=== Provided entries ===

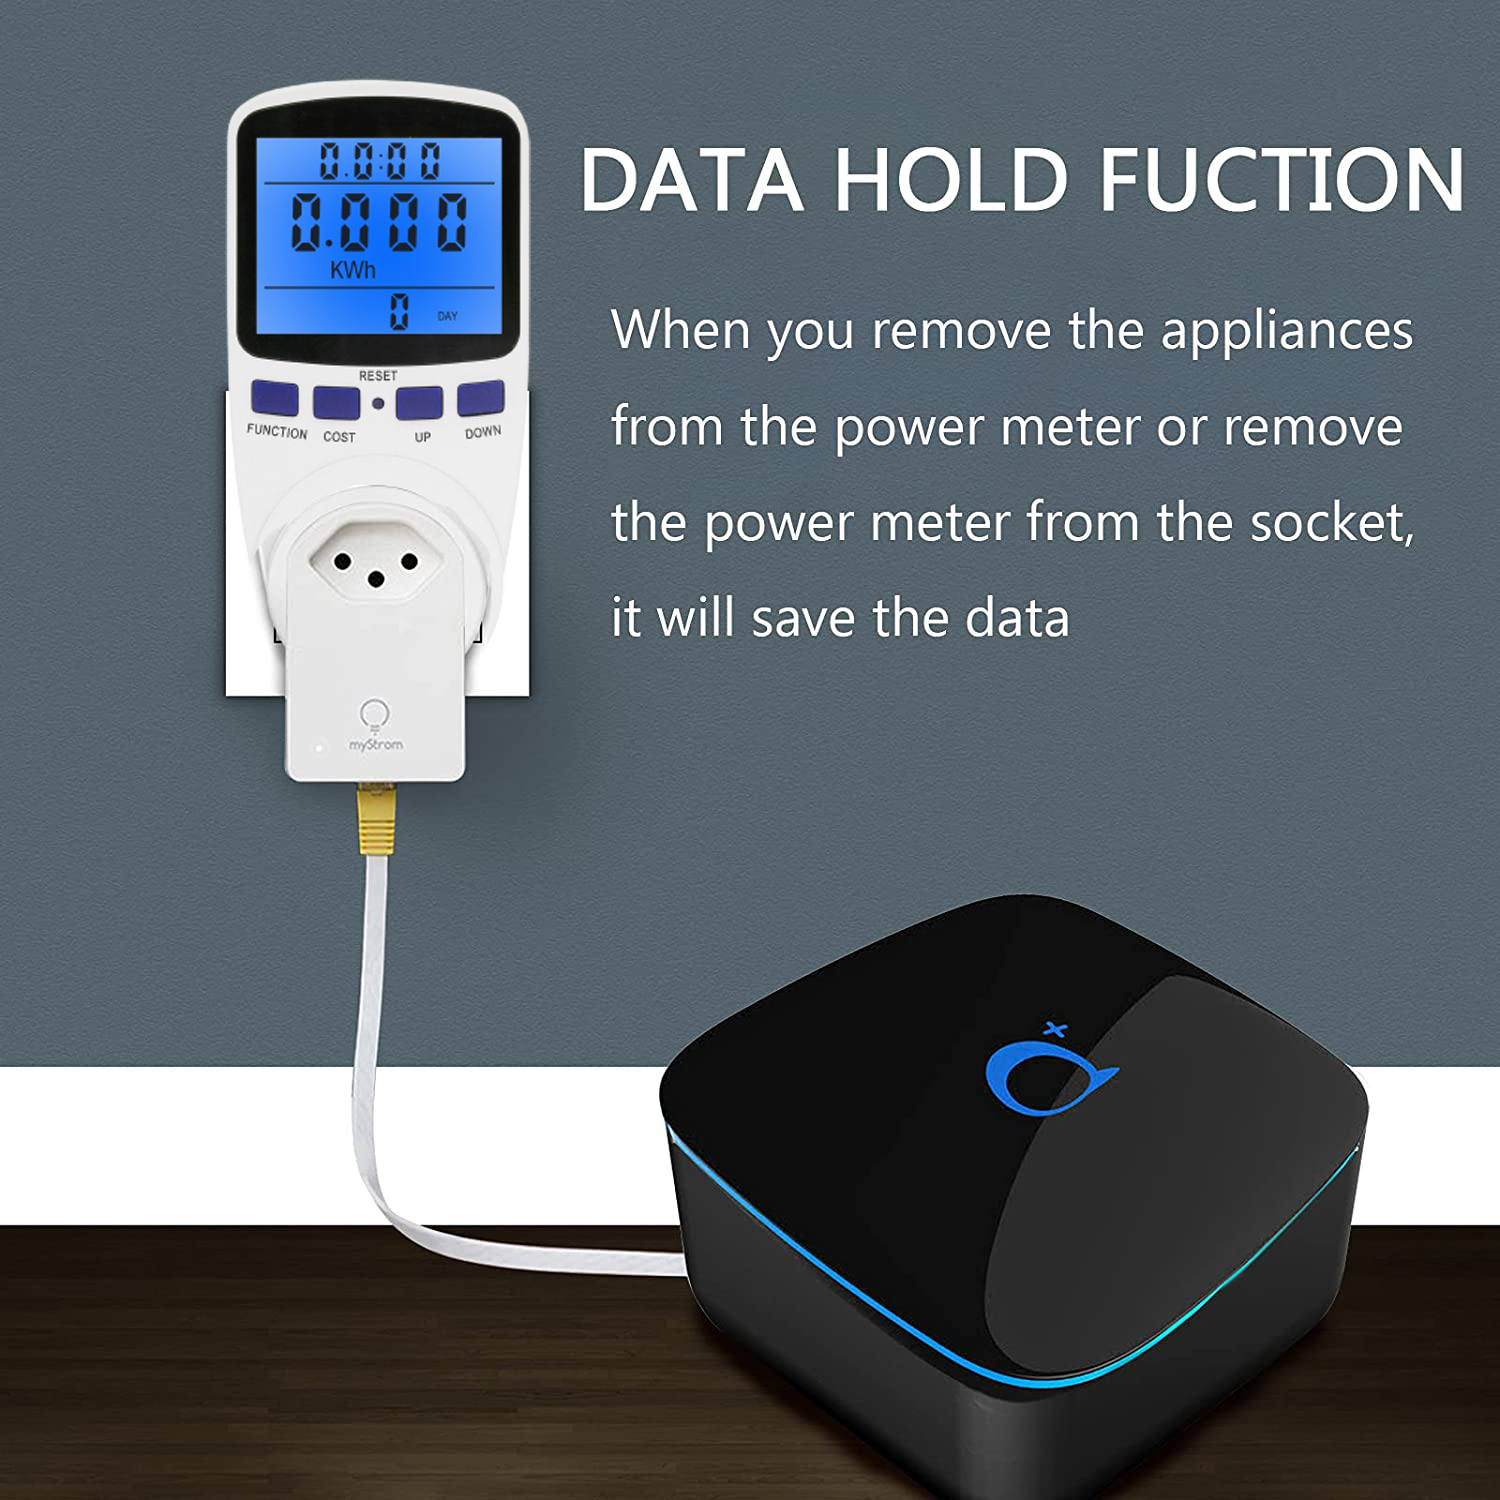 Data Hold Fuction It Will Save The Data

===
=== Provided entries ===

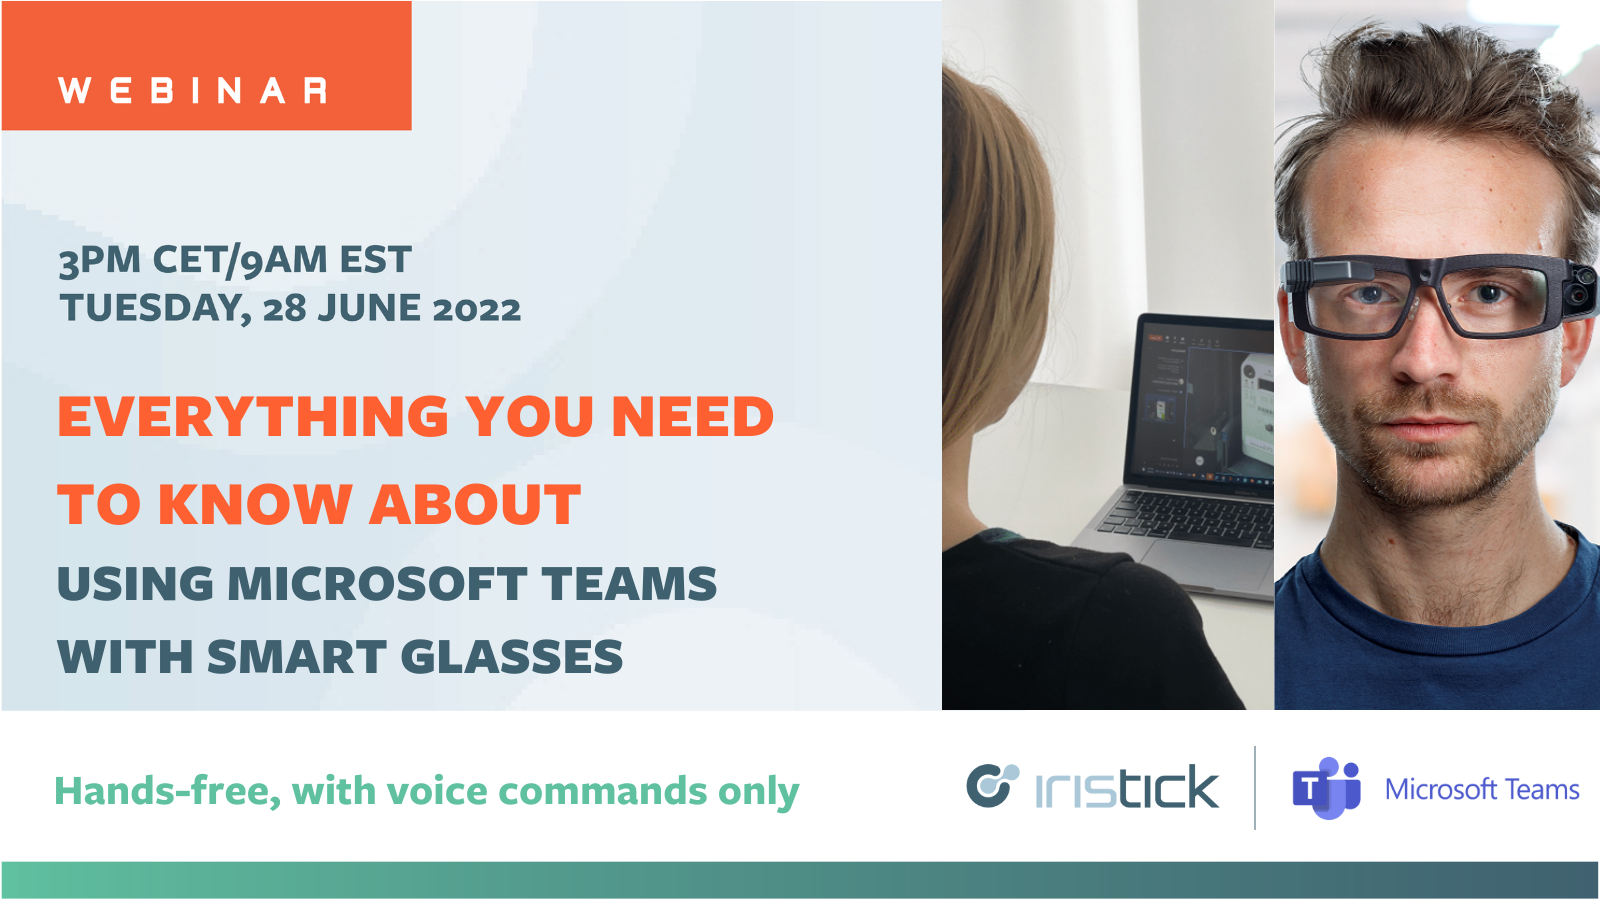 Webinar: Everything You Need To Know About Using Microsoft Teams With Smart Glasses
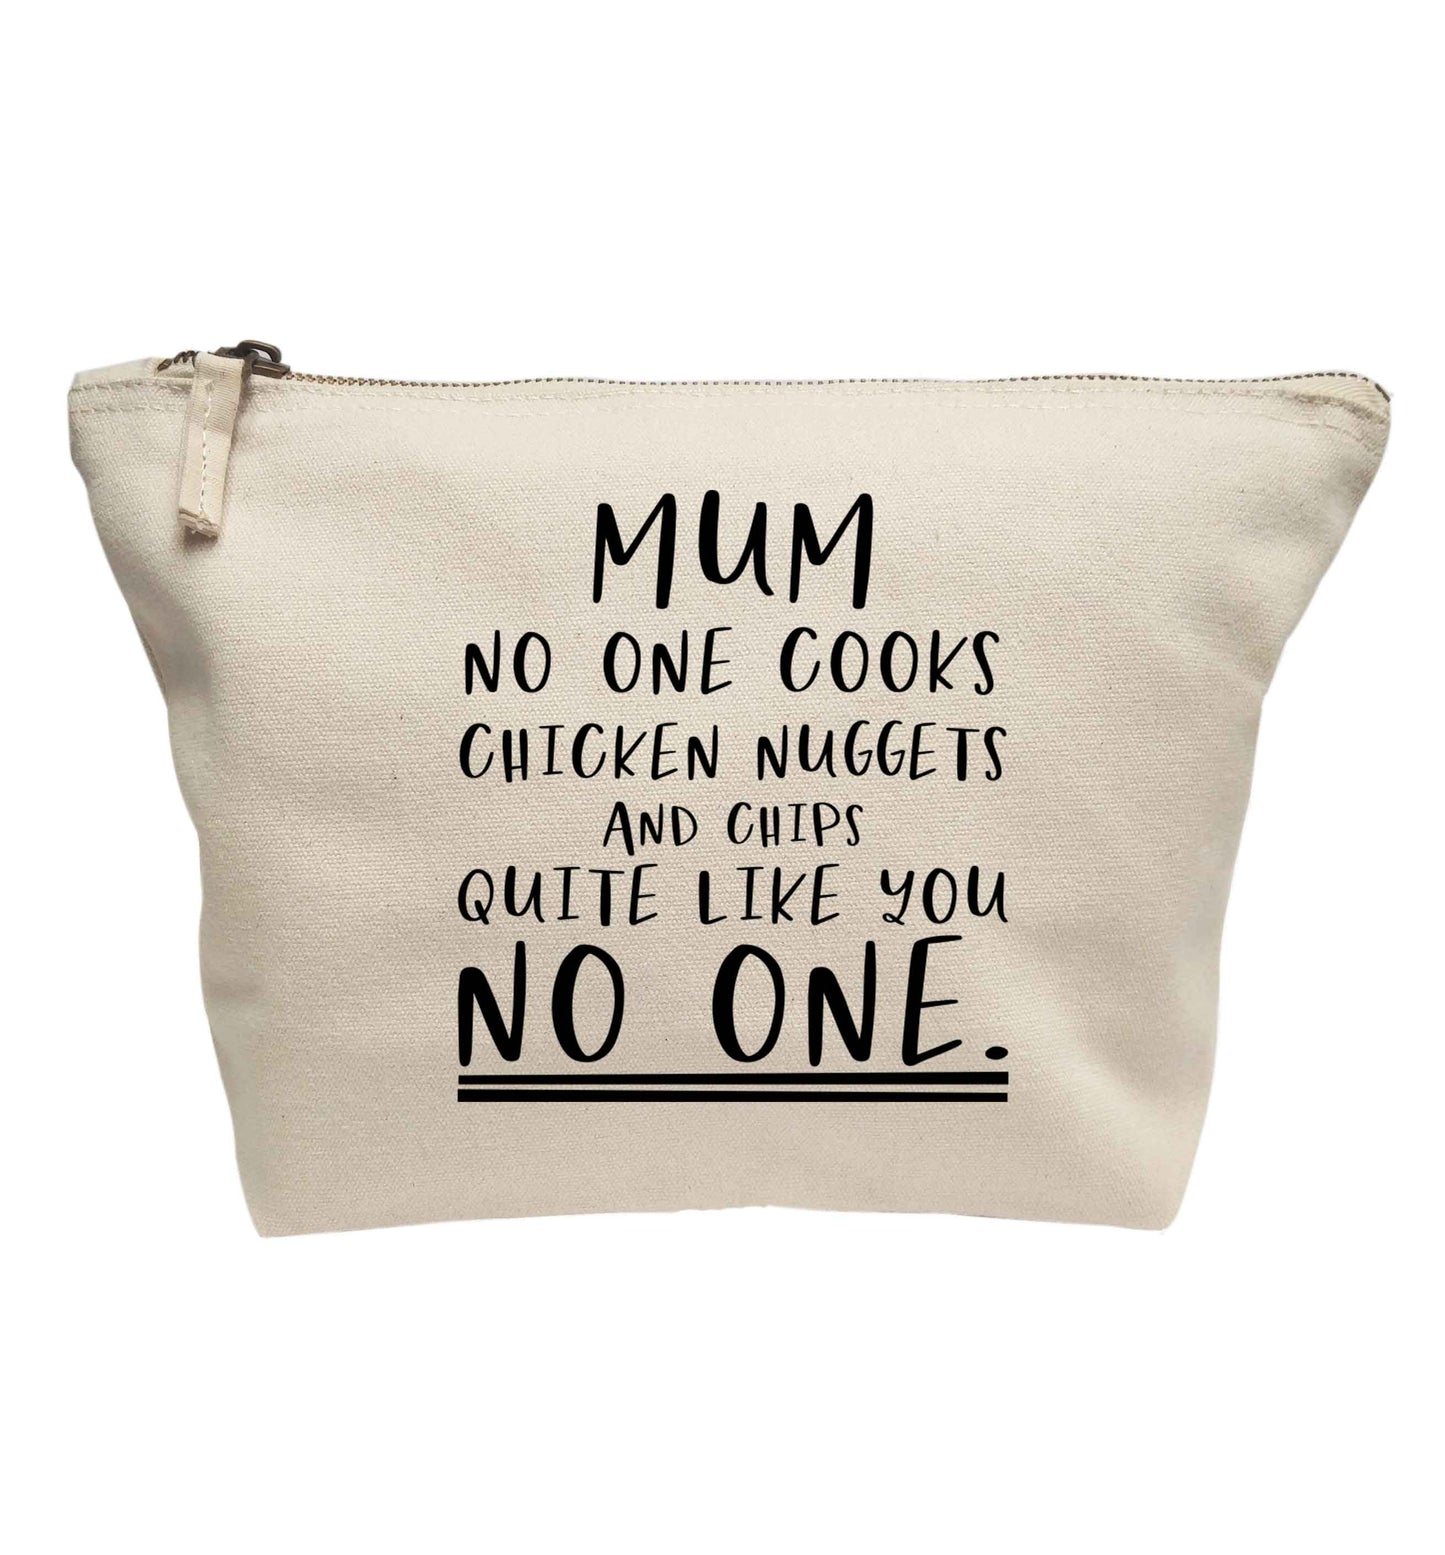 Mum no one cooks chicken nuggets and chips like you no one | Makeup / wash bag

===

Required work: Pictures do not belong in the answer. Return the lines above starting at the one with "Webinar: Everything You" and ending at the one with "Mum no one cooks", both kept, exactly.

Answer box:
 Webinar: Everything You Need To Know About Using Microsoft Teams With Smart Glasses
 Mum no one cooks chicken nuggets and chips like you no one | Makeup / wash bag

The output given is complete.